И для того, чтобы проиллюстрировать разом насущную нашу потребность задаваться вопросом почему и положение, что история начинается с нашего чувства недолжного, я просил вас уподобить изучение истории процедуре дознания. Предположим, у нас на руках некий труп – то бишь прошлое. Труп не всегда легко идентифицировать, но здесь и сейчас наш конкретный труп обнаруживает специфические и вполне индивидуальные черты. К примеру, перед нами обезглавленное тело Людовика XVI. Неужто мы рассуждаем об этом трупе: ну что ж, мол, труп есть труп, а мертвые тела не оживают. Никак нет. Мы задаемся вопросом: почему это тело стало трупом? Ответ: в результате несчастного случая – или просто потому, что, когда в один прекрасный день, в Париже, у некой гильотины упал нож, шея Людовика XVI оказалась аккурат у него на дороге. На что вы отвечаете мне дружным смехом, выказывая тем самым наклонность к дознанию, выказывая въедливый исследовательский склад ума – выказывая историческое самосознание.
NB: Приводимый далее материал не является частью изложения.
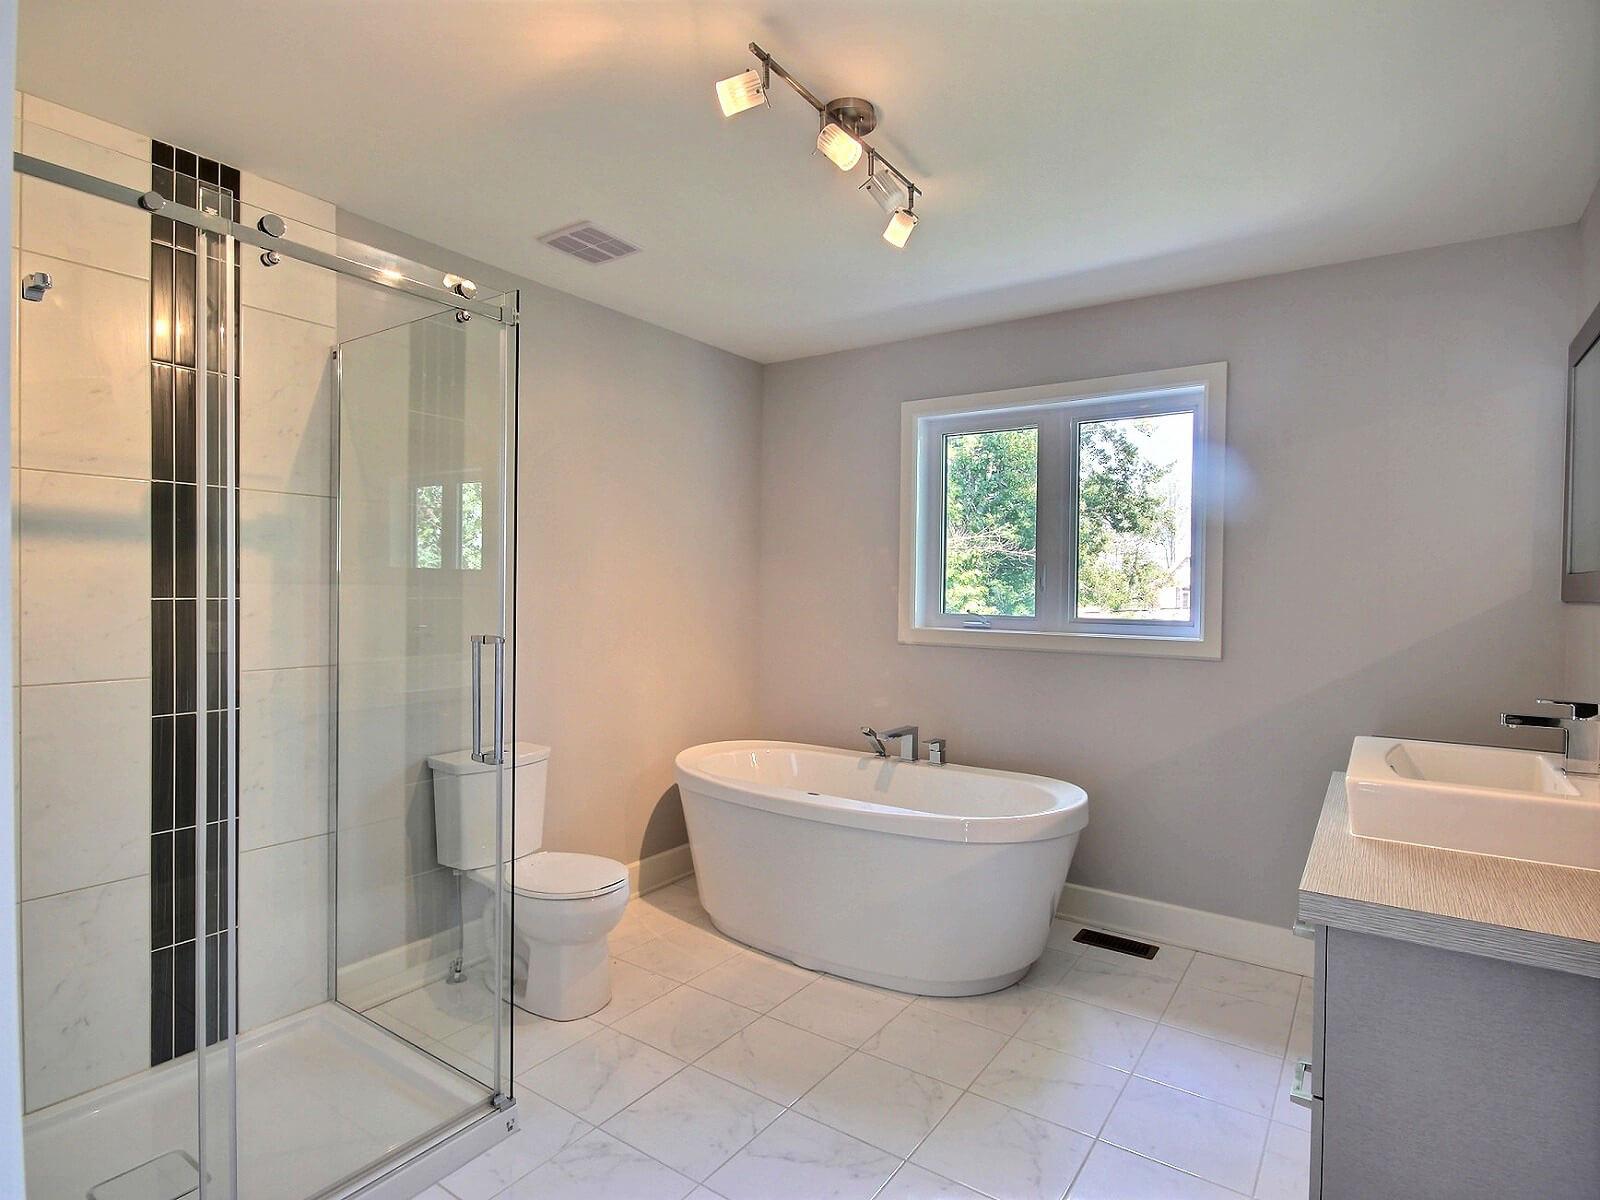 salle de bain boisé côte saint-louis construction neuve projet immobilier rive nord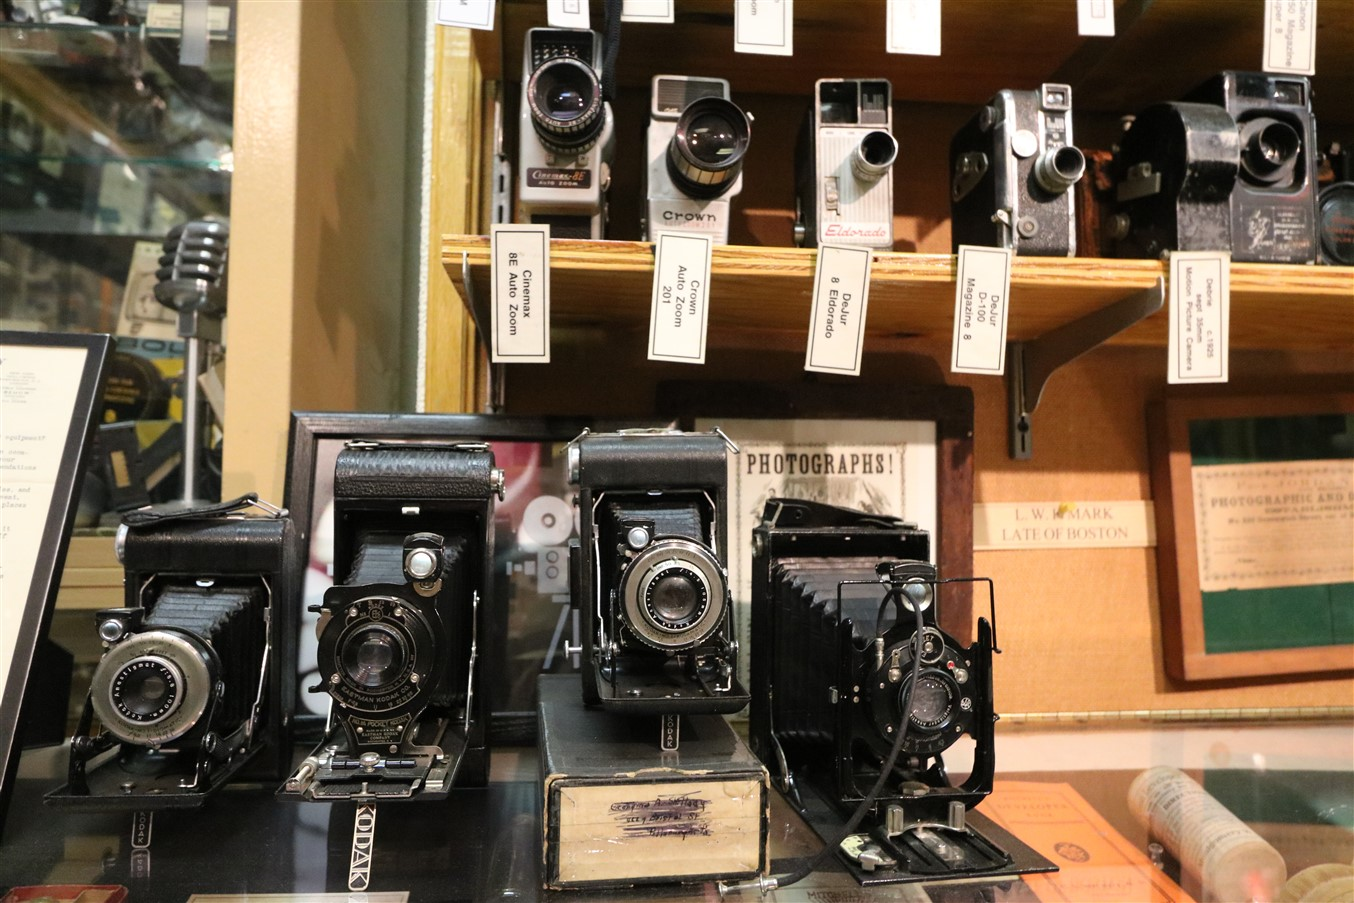 2018 08 04 50 Pittsburgh Photo Antiquities Museum.jpg

Ну а почему, задаемся мы вопросом, шея Людовика оказалась?.. Потому что… А когда мы дотошнейшим образом вычленим причину, нам захочется знать, а почему в силу именно этой причины? Потому что… А когда мы разберемся и с этой, более глубокой причиной, а почему, опять же?.. Потому что… Почему?.. Потому… Почему?.. Покуда, для того чтобы выяснить, почему отправился на тот свет Людовик XVI, нам потребуется не только воскресить, воочию представить всю его беспокойную жизнь и беспокойное же время, но и забраться не на одно поколение вглубь; и назойливый вопросец Почемупочемупочему станет к той поре похож на паровозик, надсадно пыхтящий у нас в голове, и встанут – сами собой – на горизонте другие вопросы: когда – в которой точке – каким образом мы перестанем спрашивать почему? До каких глубин нам нужно будет забраться? Когда мы удостоверимся, что нашли Объяснение и успокоимся (отдавая себе отчет, что это не окончательное объяснение)?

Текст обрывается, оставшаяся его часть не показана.